Lifting the weight of state aid from project finance
Corporate Finance

Lifting the weight of state aid from project finance

In the EU, support provided by the state to finance projects operating in competitive markets typically needs to comply with state aid rules. However, there may be challenges in structuring project financing from the state in a way that is compliant with these rules. What are the fundamental elements to consider when assessing whether the funding confers an economic advantage on the recipient? What alternative financing structures could be considered?

 

Project finance refers to the financing of a specific asset in return for the cash flows generated by that asset.[1] It is used to fund a variety of infrastructure projects, including energy, transportation and telecoms projects.[2]

Project finance generally includes a special purpose vehicle,[3] or project company, whose sole purpose is to undertake the project. A typical project company may have financial arrangements with a wide variety of counterparties, such as equity investors and lenders. A simplified example of such potential financial arrangements is shown in Figure 1 below.

Figure 1   Potential project finance arrangements

Note: ‘Offtakers’ purchase the project company’s outputs and provide the project with a source of revenue. Contractors supply the project company with goods or services.
Source: Oxera.

If the project company enters into bankruptcy, financiers can rely only on the value of the project’s assets to recoup their investments. For example, if the construction of a real estate project is funded by project finance, the investors can expect to receive only the rental payments from the project, after taking into account the relevant costs.

If the state also provides financing to the project, as either an equity investor or a lender, it is often important to ensure that this is undertaken in a state aid-compliant manner. This article discusses the role of economic and financial tools in assessing whether the state’s intervention in project financing arrangements confers an economic advantage. The article then considers possible financial structures that could be adopted in some circumstances in order to mitigate state aid risk.

Snapshot: the definition of state aid and the market economy operator principle

State aid is defined as an advantage conferred on a selective basis to undertakings (such as the project company) by public authorities that has the potential to distort competition and trade between EU member states.[4]

Support from the state can take a variety of forms, including direct subsidies, tax exemptions, or loans at below market rates. In order to determine whether such support constitutes aid, among other aspects, it must be assessed whether the support confers an economic advantage on the recipient.[5] In order for the support not to confer an economic advantage, it must be shown that economic transactions carried out by the state are in line with normal market conditions. The relevant question is whether, in similar circumstances, a private investor of a comparable size operating in normal conditions of a market economy could have made the investment in question.[6] This is referred to as the market economy operator principle (MEOP).

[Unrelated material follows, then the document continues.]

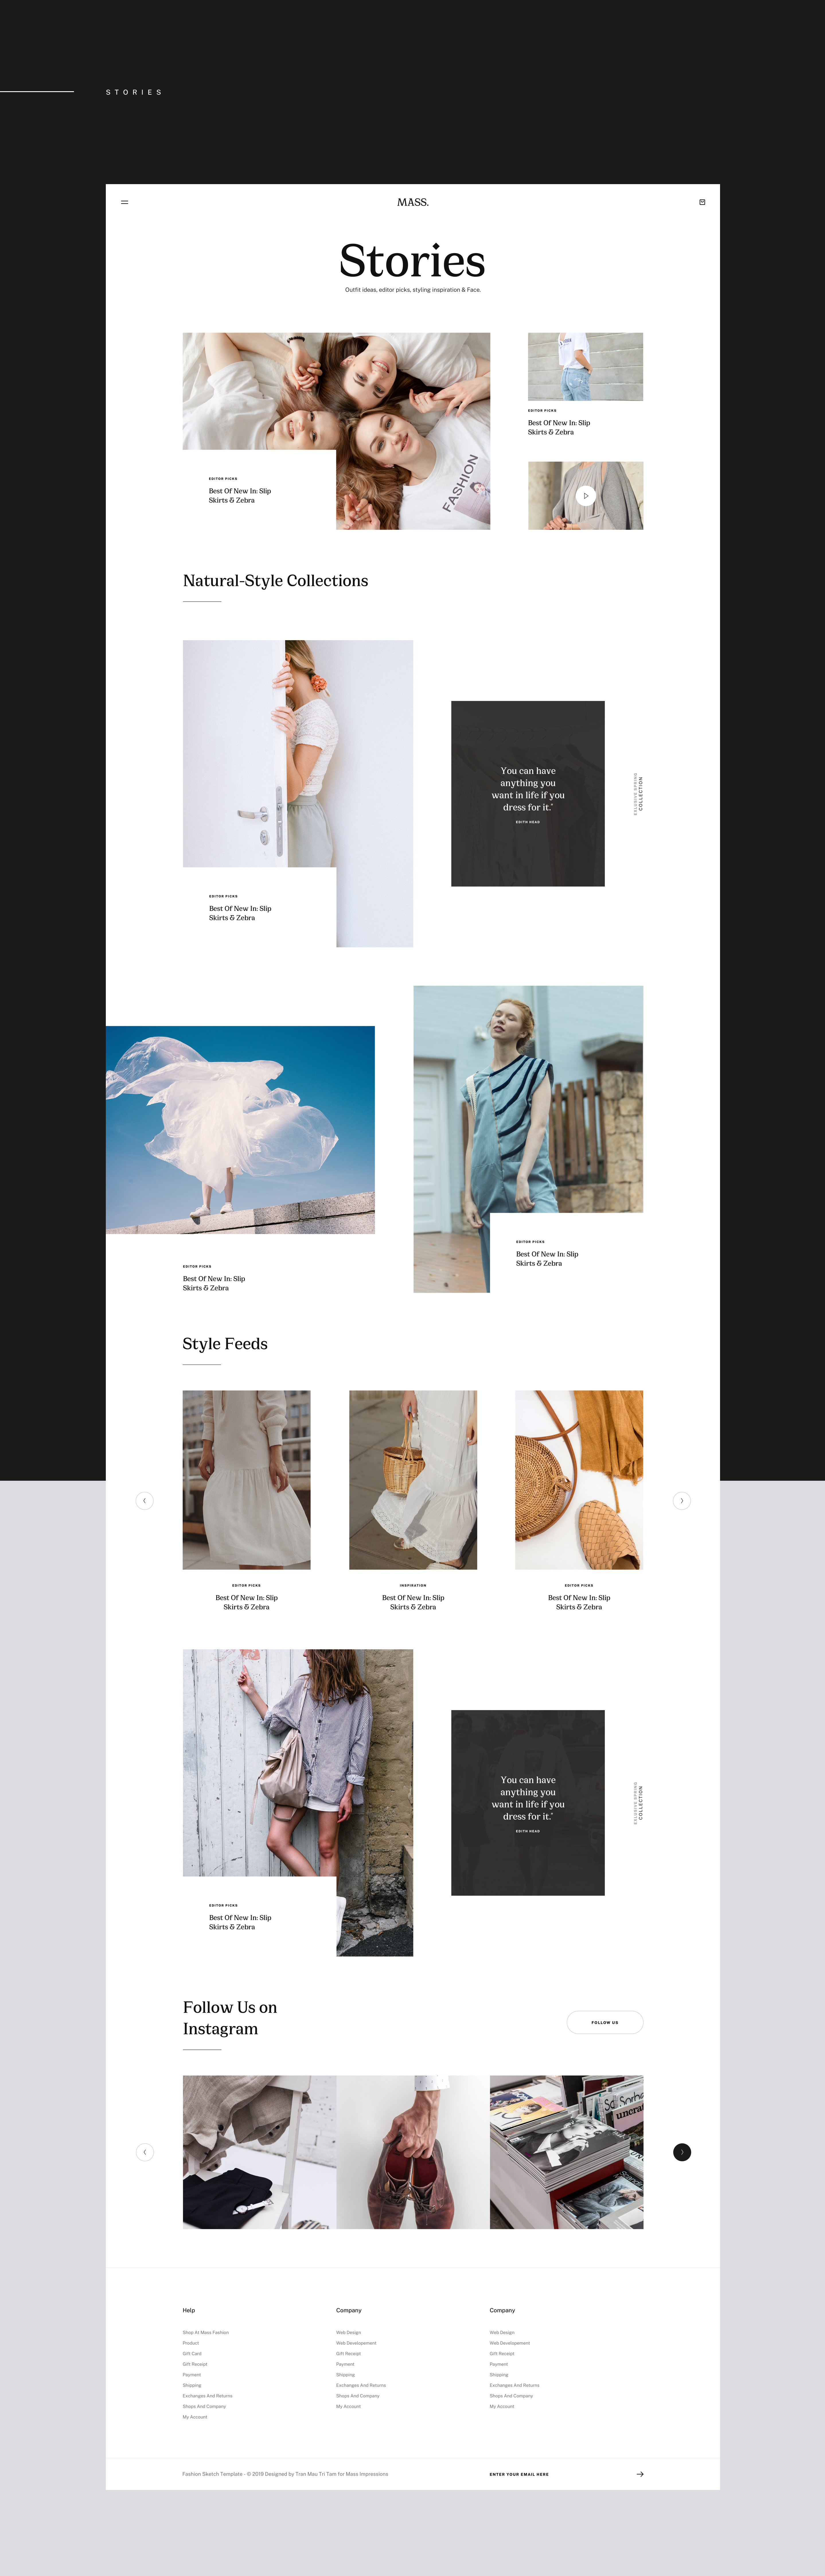 Mi Fashion Free Sketch Template Freeui Design Ui Design Freebies Free Ui Kit Icons Mockups

If funding from the state is provided under the same terms and conditions as that from private investors, this implies that the transaction is in line with market conditions.[7] However, if the intervention by public bodies is not made under the same circumstances, or there are no private operators involved in the transaction, this does not automatically mean that the transaction does not comply with the MEOP. In such cases, economic and financial analysis is needed to assess whether the transactions are in line with the MEOP.

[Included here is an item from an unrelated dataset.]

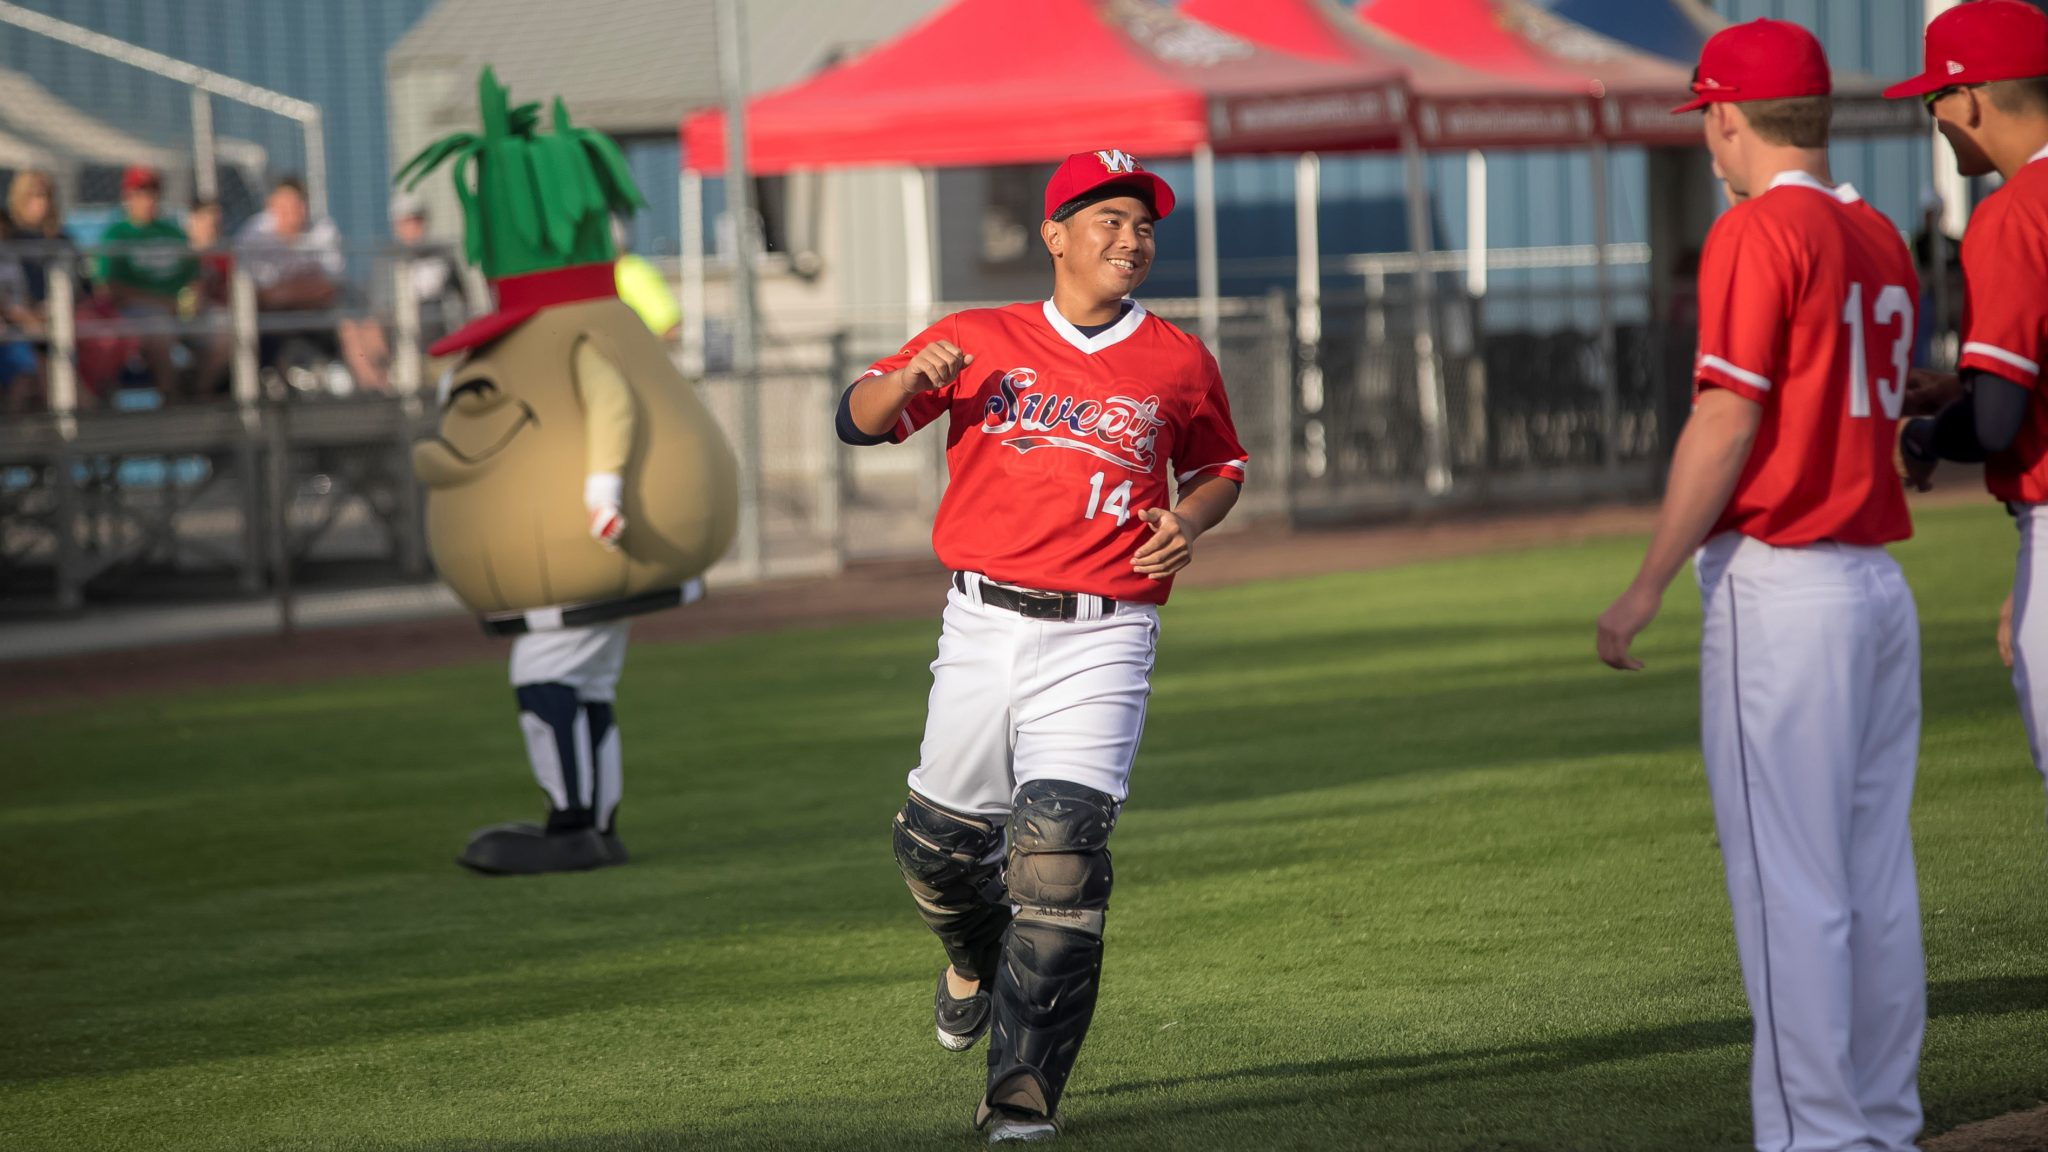 Press Releases - Walla Walla Sweets Baseball

Understanding the rules of the game: players beware

The MEOP sounds deceptively simple. However, as the saying goes: ‘the devil is in the detail’. As the European Commission has explicitly acknowledged, the process of assessing whether a measure confers an economic advantage may involve very complex economic assessments.[8] The next sections explore some of the fundamental elements of robust economic and financial evidence in such circumstances.

Choosing the correct methodology for the MEOP analysis

The MEOP test is typically applied on a forward-looking basis to assess whether an economic transaction involving the state is in line with market conditions (i.e. whether the state’s actions are in line with those of a market economy operator). The following two main approaches are typically used.[9]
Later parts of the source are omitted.